Spot modules partition the expression map
We generated an over-expression-spot map which summarizes all red over-expression spots observed in the single-sample portraits (Fig. 2a, see ). In total, 13 spot modules A–M were identified, where each of them represents a module of co-expressed genes with a specific mean expression profile (Additional file 1: Figure S5; for lists of genes, see Additional file 4). Nine of the spots are mainly activated in the lymphomas and four in the controls. The spot-connectivity map in Fig. 2b visualizes the probability of joint spot appearances in the single-sample portraits. Accordingly, BL samples frequently express spots A, B and D together (red circles) while DLBCL tend to co-express E–G (blue circles). The frequency distribution of activated spots and their number distribution in each class show two-to-four recurrently activated modules in BL, cell lines, B cells and tonsils (Fig. 2c, d). For example, tonsils are characterized by ubiquitous presence of the two spots I and J (see also the tonsil portrait in Fig. 1a), which are specifically over-expressed in tonsillar tissue specimen as well as in tumors contaminated with tonsillar tissue this way giving rise to the ‘blue-shift’ of the rest of the portrait (Additional file 1: Figure S3 and S5) . The broader distribution in intermediate lymphoma, DLBCL and FL reflects their more heterogeneous character. No spots were assigned in 133 samples, mainly in DLBCL (77 samples), intermediate lymphoma (24), FL (7), FL/DLBCL (11) and BL (2) due to their relatively flat expression landscapes.
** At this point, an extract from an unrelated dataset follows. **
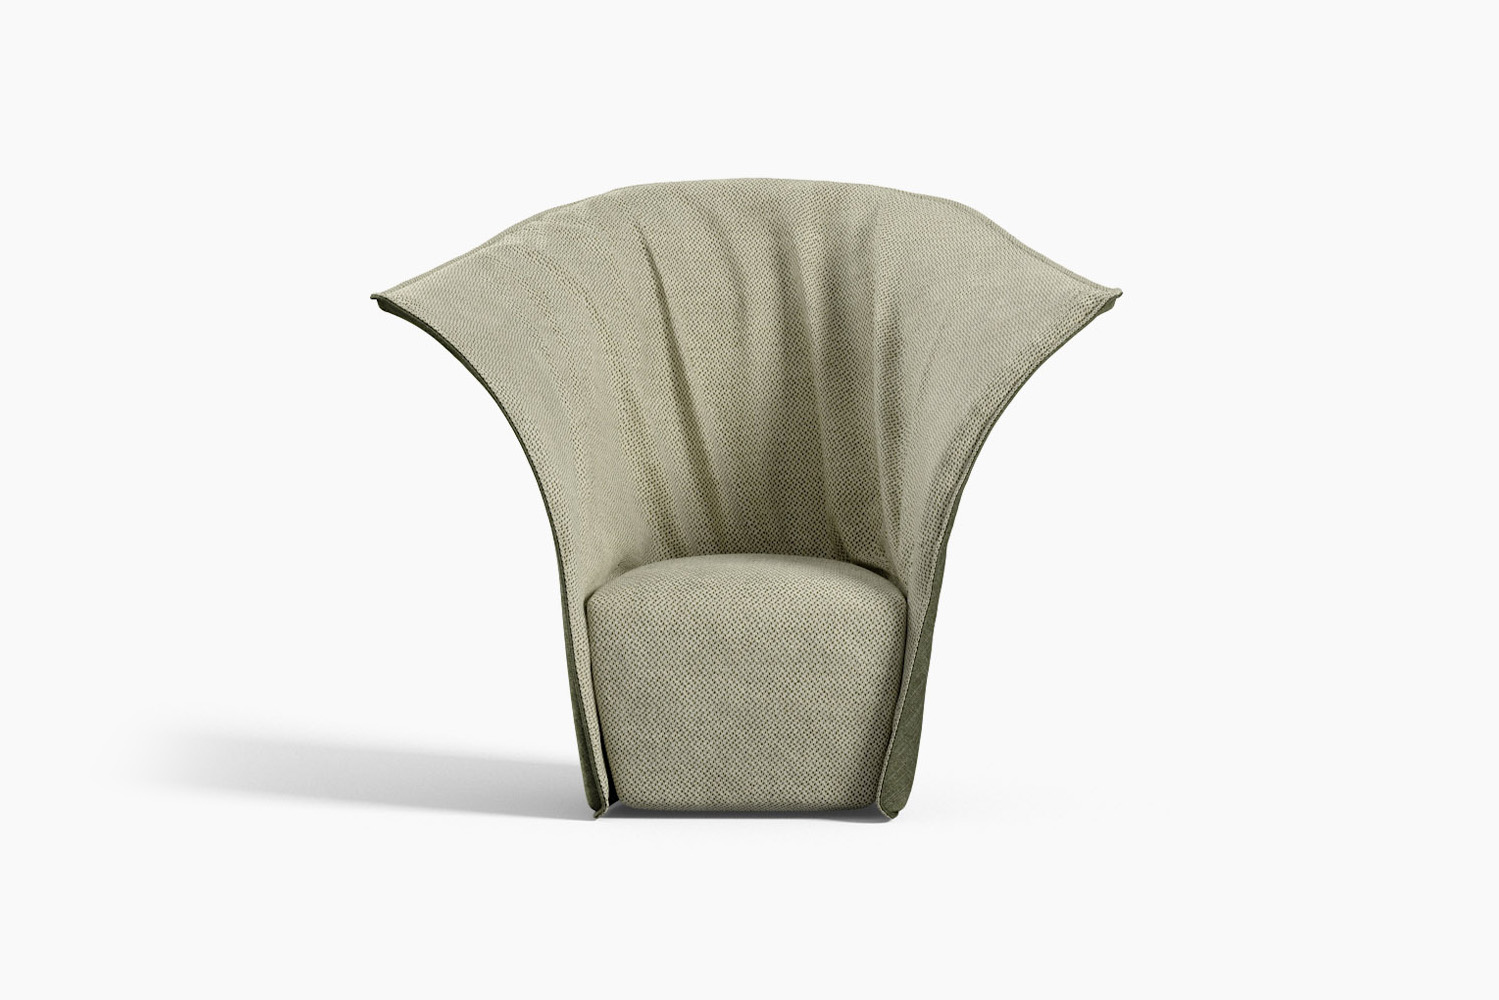 Artichoke luxury Italian modern armchair by Novamobili. Sold by Krieder UK.

A functional map of the spot modules
Each of the 13 spot clusters is populated typically with a few hundred genes (Additional file 4). Their functional context was analyzed by gene set analysis  (Fig. 3a and Additional file 1: Figures S7–S9). Modules activated in BL tumors are related to ‘replication’ and ‘cell cycle’ (spot D, p values < 10− 25 in Fisher’s test) and those in DLBCL to ‘inflammation’ (spot F, < 10− 25) reflecting tumor-infiltrating immune cells [13, 45, 46]. Modules G and I show stromal signatures  while module J upregulated in tonsils significantly enriches gene sets related to ‘keratinization’ (< 10− 23), a ‘tonsil signature’ (< 10− 10) [23, 32], and to ‘B cell-mediated adaptive immune response’ (< 10− 11). Genes associated with biological functions of B cells are enriched in modules K (e.g. ‘B cell activation’) and M (‘B cell differentiation’, < 10− 3). For a more detailed assignment of the spot patterns to B cell biology, we estimated enrichment of a series of gene sets taken from literature [47, 48] and from a separate analysis of the B cell samples (Fig. 3a, boxes with blue background). Modules activated in BL accumulate signature genes of the dark zone of the GC whereas modules activated in DLBCL accumulate light zone signature genes. The modules H, K, L and M enrich genes related to ‘plasma cells’ and to ‘pre/post-GC B cells’, respectively. Hence, assigning the functional context of the spot patterns provides a functional map that enables interpretation of the lymphoma portraits in terms of activated cellular programs.
Mapping key mutations
Mapping of selected genes with mutations in lymphoma [50, 51, 53,54,55,56,57,58,59,60] into the SOM associates their expression profiles with that of the adjacent expression modules (Fig. 3b). Genes frequently mutated in BL are located in the BL-specific spot A (e.g. ID3, CCND3) and D (e.g. TCF3, SMARCA4, MYC) indicating their increased activity in BL and partly in intermediate lymphomas [50, 61]. Genes frequently mutated in DLBCL, FL and/or multiple myelomas (MM) such as BCL6 and BCL2 are found in or near spot K upregulated in healthy B cells and, to a lesser degree, in FL, and downregulated in BL and DLBCL (Additional file 1: Figure S5). The chromatin-modifying genes CREBBP (mutated in 30% of GCB-DLBCL , in early FL stages  and shared between primary and transformed FL ) and KMT2D (alias MLL2) are located in spots up- or downregulated in part of the FL cases compared with DLBCL suggesting epigenetic deregulation in FL. It presumably also involves HLA class II antigens , as supported by genome-wide association study (GWAS) analyses (Additional file 1: Figure S12), and MYD88, CDKN2B and PIK3CD, all affected by mutations preferentially in ABC-DLBCL leading to ‘chronic active’ B cell receptor signaling  (see also Additional file 1: Figure S11 for pathway analyses).
Spot H, specifically upregulated in MM and immunoblastic and plasmablastic DLBCL, co-regulates with PRDM1 (alias BLIMP1) promoting plasma cell differentiation by repressing MYC activity . PRDM1 is deactivated in GCB-DLBCL and presumably also other subtypes by mutations, deletions or epigenetic effects [65, 66]. Interestingly, also IRF4 co-regulates with PRDM1 as indicated by its co-location in spot H . The PIM1 oncogene (spot E) is over-expressed in most ABC-DLBCL  and in transformed FL (about 50% of patients) with ABC characteristics but it is rarely mutated in primary FL (less than 10%) . Interestingly, both genes, PIM1 (40% in ABC vs 15% in GCB) and PRDM1 (25% vs less than 5%), show high prevalence of activating mutations in ABC-DLBCL  as indicated by over-expression of spot modules E and H in the SOM portrait of ABC-DLBCL but not in GCB-DLBCL (see Fig. 4).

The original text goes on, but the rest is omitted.